Project

voice-training — A Local TTS Fine-Tuning Pipeline

A fully on-device, FOSS pipeline that fine-tunes a custom text-to-speech voice from a handful of audio samples — decode, loudness-normalize, segment, transcribe, fine-tune, synthesize, evaluate. The model factory that produces Jarvis's voice.
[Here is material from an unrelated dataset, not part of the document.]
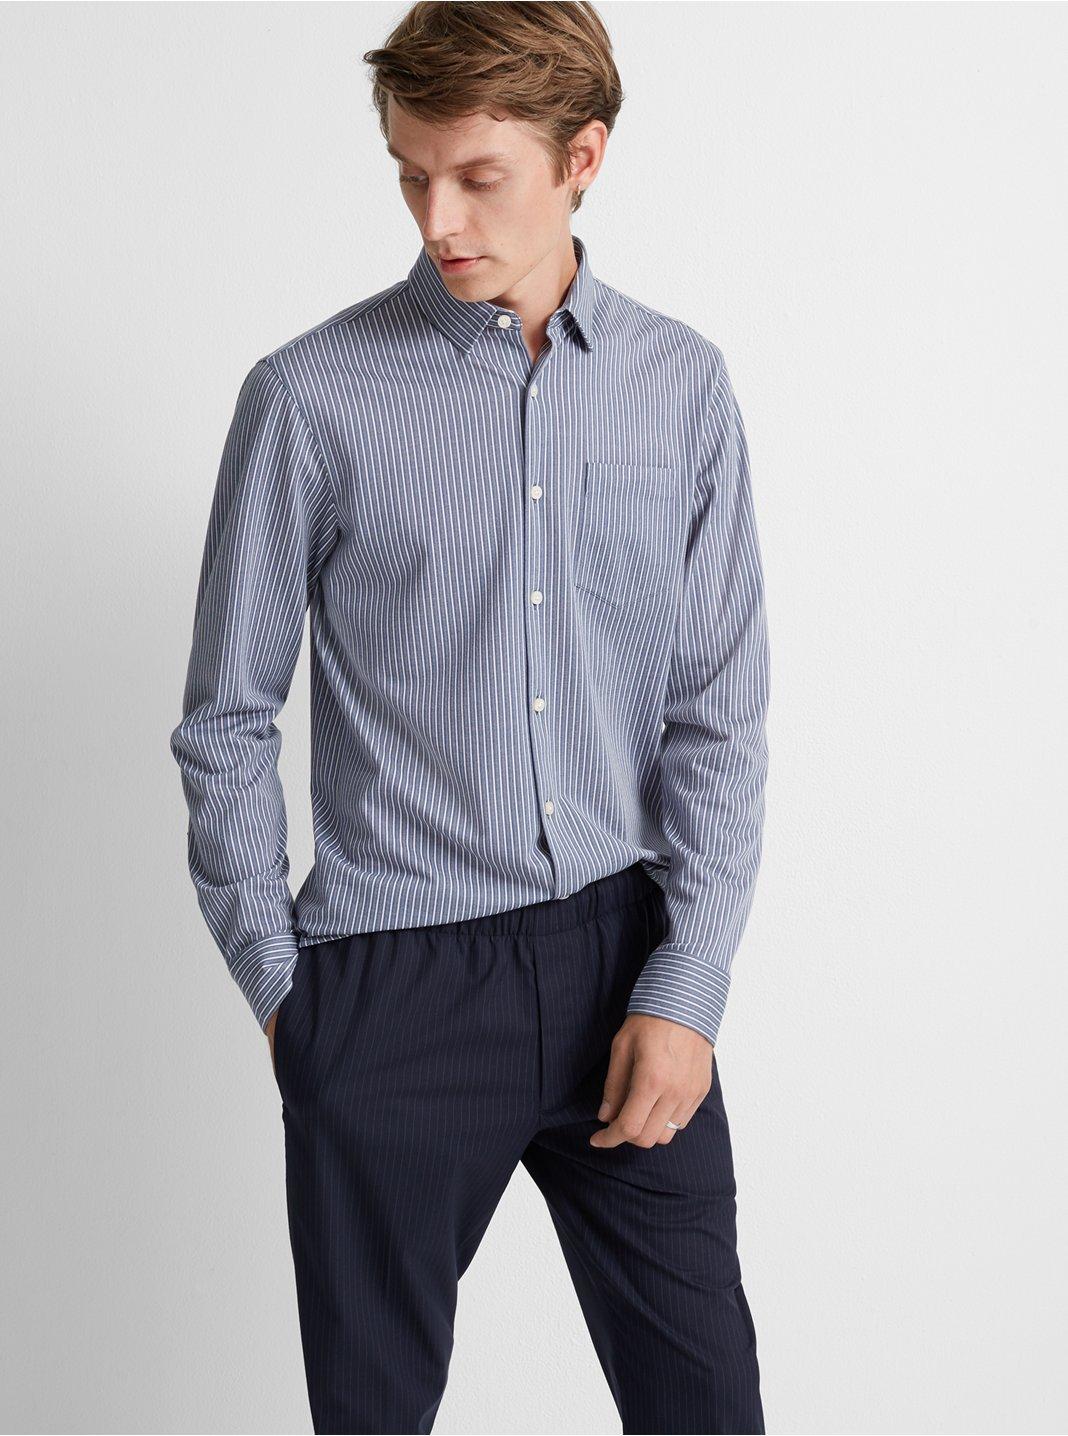 Full-Button Knit Stripe Shirt

Built AI-assisted.

  • Python
  • Coqui XTTS-v2
  • faster-whisper
  • Audio DSP (LUFS, VAD)
  • PyTorch
  • Poetry

Jarvis needed a voice that wasn’t a cloud API call. voice-training is the model factory that makes one — and it runs entirely on-device, with no audio uploaded to a cloud voice vendor.

The problem

Turn a small set of sampled audio into a usable, custom text-to-speech voice — locally, reproducibly, and at package quality — then hand that voice to a separate assistant as a black box.

The pipeline

A narrow scope, done end to end:

decode → loudness-normalize → segment → transcribe → fine-tune / clone → synthesize → evaluate

Clean data beats a fancy model

Most of the work is the data contract, and the pipeline enforces it: every training clip is mono, single-rate (24 kHz), loudness-normalized to ≈ −23 LUFS, two to twelve seconds, single-speaker, no music bed. Voice-activity detection segments the source; faster-whisper transcribes it; anything that fails the contract is dropped rather than poisoning the model.

The model

The pipeline fine-tunes (and can zero-shot clone) Coqui XTTS-v2, and I tuned the decoding configuration — sampling temperature, top-k/top-p — to lock a consistent delivery rather than a different read every run. The result is a reproducible text → speech path with a pinned config.

A note on scope

This is a personal, non-commercial project: a study in voice cloning and audio-data engineering. The synthesized output is a private, fan-made voice — never presented as a real person or performer, and never used for impersonation.

Why it’s here

Even set apart from the voice it produces, the engineering stands on its own: real model fine-tuning (not an API call), audio-signal-processing and data-curation discipline (LUFS normalization, VAD segmentation, a hard data contract), reproducible packaging, and a clean train-here / serve-there seam.